At that time, the Israeli government had a system that if you were a veteran soldier, the government would pay your tuition in the universities. So I went to the place and registered as a released soldier. And they told me “Okay, so what do you want to study?” So I said “I don’t want anything to do with people. I don’t want to sit. I want to be adventurous. Let me take care of cattle and sheep.”

Steve Looi 12:23
Sure. Interesting. Yeah.

Shlomo Booklin 12:25
They told me that the vet program for that year was full already.

But if I wanted to, I could wait for the next year – I’d definitely get a spot for next year. But then they say “By the way, if you want to study agriculture, tuition and unemployment [is provided] for the whole duration of the course.”

Steve Looi 12:53
Sounds like a good deal.

Shlomo Booklin 12:55
Of course. I said, where do I sign up? That’s how I started to work in agriculture. I was a good student, I got good marks. And I definitely did smoke during the night to be sleep. And then I started working, so I was very tired. So after about a year, I said: “I don’t need it anymore”. And I stopped both cigarettes and cannabis altogether. As I said, how could I stop even before that? It just didn’t resonate well with me.

Steve Looi 13:42
Were you able to maintain the quality of life afterwards?

Shlomo Booklin 13:46
Yeah, yeah. I mean, again, once I started working; I had a good job. And I had a good interest in life. I was very busy. I worked hard. Agriculture is a very physical, demanding job. So working in nurseries and greenhouses all day – the heat makes you tired.
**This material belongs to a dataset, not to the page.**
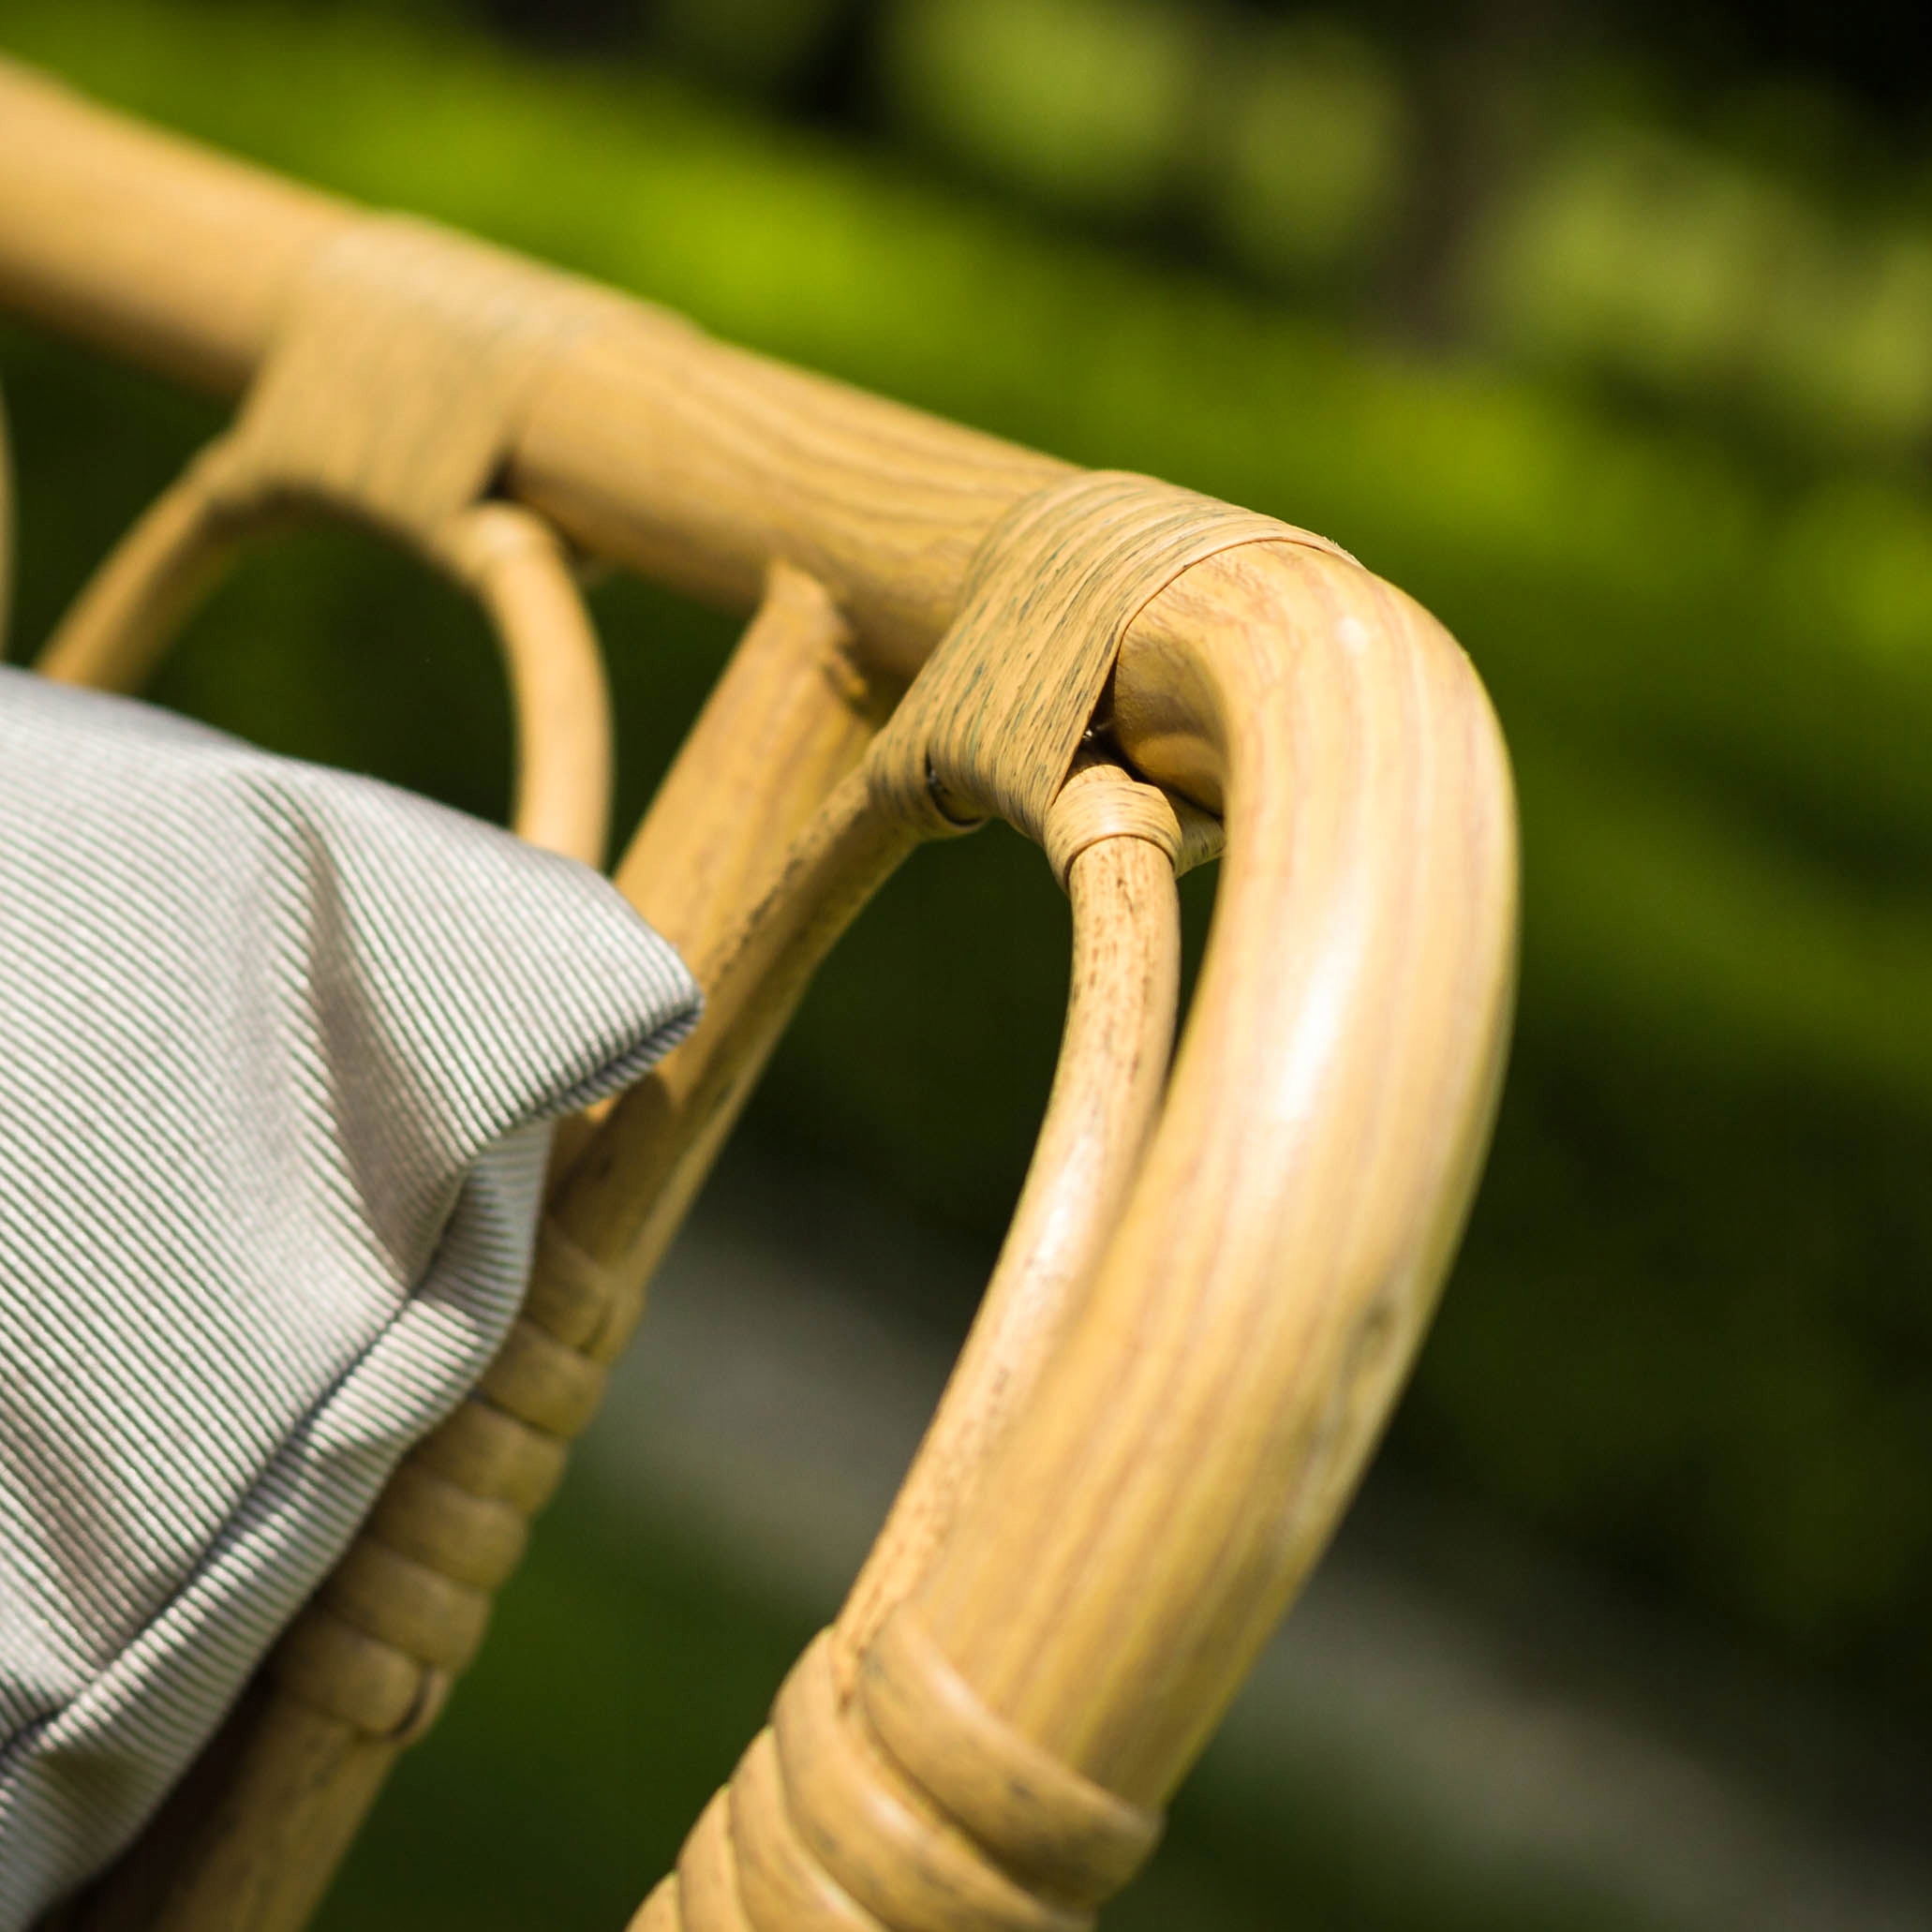 Polyratanový nábytkový set záhradná terasa kreslo sedačka Dominantným materiálom je polyratan
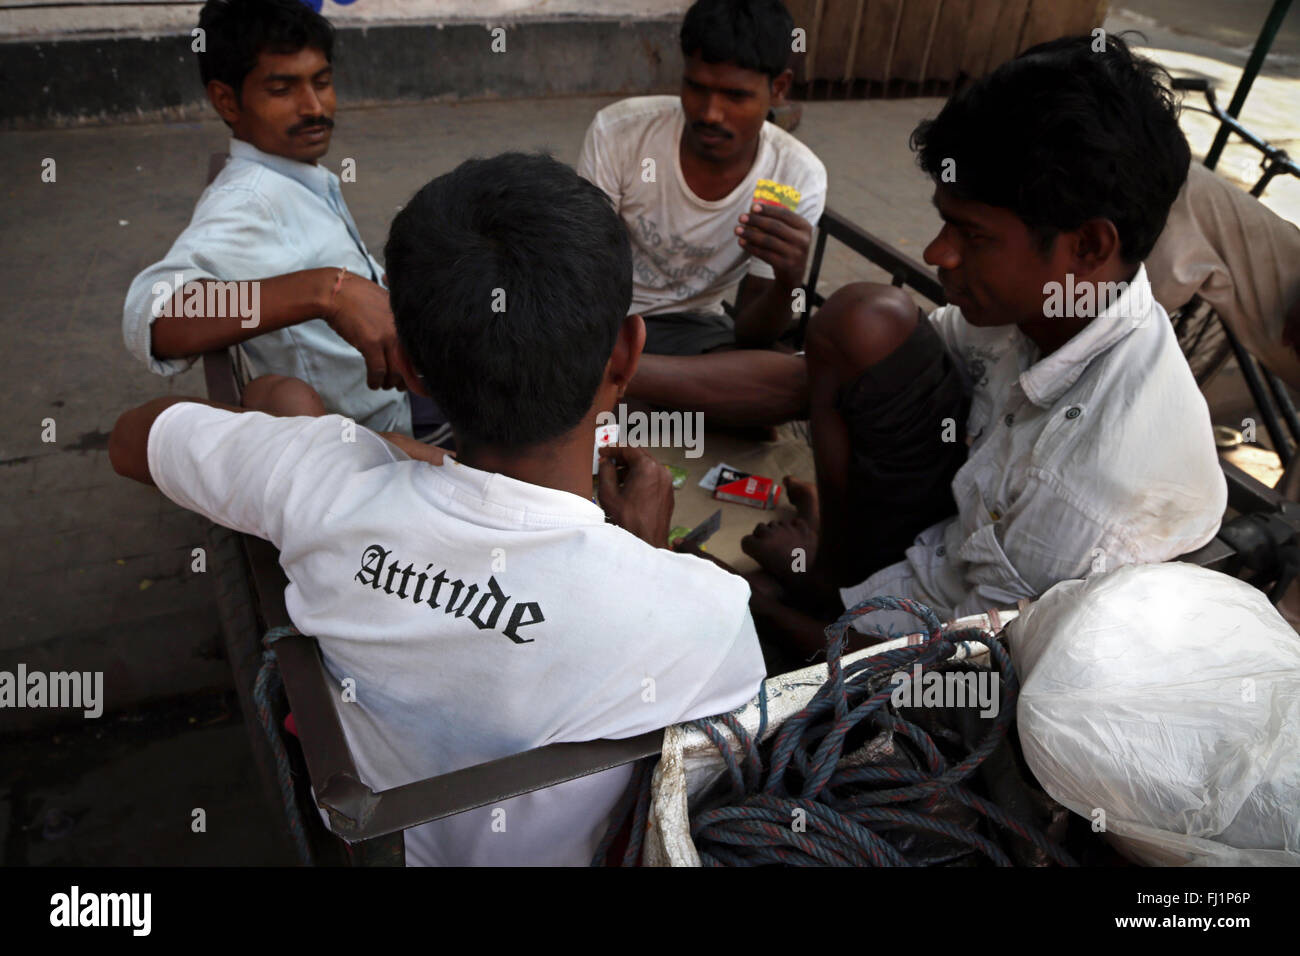 Los hombres jugando a las cartas en Kolkata, uno de ellos lleva la 'actitud' camiseta Foto de stock

So, as I said, probably after, I would say a year, I don’t remember exactly, when I basically stopped without even, making into a kind of, on dead day, I’m going to stop smoking. And today, I just didn’t need it anymore. And you do it.

Steve Looi 14:32
Pretty good, actually. I mean, it guides you and helps you transition. But yeah, it’s not something you had to continue to take.

Shlomo Booklin 14:40
One day or three days or four days then I realized that actually I haven’t smoked for two days then. Probably I don’t need it. So I stopped. And that’s it. And I started to work in a very big facility in Israel, a very big company they exported to all over the world and, having a very good name in the industry. And probably a year later, I don’t remember exactly the time now, but probably a year later I got close to someone that was looking for a grower in Australia. So actually, it was the commercial attache for the Australian embassy in Israel, and I went to his house for a picnic. And actually, I knew his son, because I went to his son for a picnic. And then I spoke to his father. And as I said, he was the commercial attache to the Australian embassy in Israel. And he had a request from some company in Australia that they needed some Israeli grower. Obviously, Australia is similar weather to Israel where it’s very hot.

Steve Looi 16:13
I imagine there’s the same level of water scarcity.

Shlomo Booklin 16:15
Yeah, exactly. So the company that they had in Australia was actually importing glasshouse from Poland. So now those greenhouses are designed in a way that they keep the heat inside. And so in Australia, it was 35 degrees outside and it was 55 degrees inside. So then they realize that they need some someone that had experienced working in a hot condition. And this how they, as I said, got into contact with Australian attache in the or the commercial attache and Australian embassy. And basically, when that guy heard what I do, and I knew where I work, he asked me if I would consider speaking to those people in Australia. And obviously, as a young boy, who’d get to see the world. How can I refuse it? So I spoke to them, and they basically hired me to come to Australia. We went there at the time, I was already married. I went there with my wife, and we stayed in Australia for three and a half years. Our first son was born in Australia.

Steve Looi 17:50
Oh!

Shlomo Booklin 17:52
Yes. So then after that, we went with the Australian project finished, we were looking for another project. I didn’t want to go back to Israel, because it’s, again, Israel is a beautiful place, but it’s very politically charged. You cannot really say… you must take a stand either to the left or to the right. So yeah.

Steve Looi 18:18
It must just permeate every facet of life.

Shlomo Booklin 18:21
Essentially. So yeah. Everything in your life. So basically, we didn’t want to go back to Israel. Again, I didn’t want to go back to the old memories of war. Having to think that my son will live to go to the war because this is the reality in Israel. I said, Okay, let’s try and find something else. And we came across the project in Portugal. It wasn’t the same company, but just another company. So we move to Portugal, and we lived in Portugal for 10 years. Yeah, that’s a long time. Our second son was born in Portugal. And then, we used to export a very big amount of flowers – plants, from Portugal, mostly to England and Poland. But exporting into England, at that time, still today, it’s very strict regulation of quarantined and what they call fitosanitario. So you have to be on top of everything with truly strict regulation. So I did it for, as I said, for about 10 years. We export about six, seven to 8 million plants every season. It was very intense. It was 250,000 plants a week. Everything has to work like a clock, you cannot really miss one. Because I remember, I had to book the truck a month in the head, a month in advance, but it took me 12 days to make the plans.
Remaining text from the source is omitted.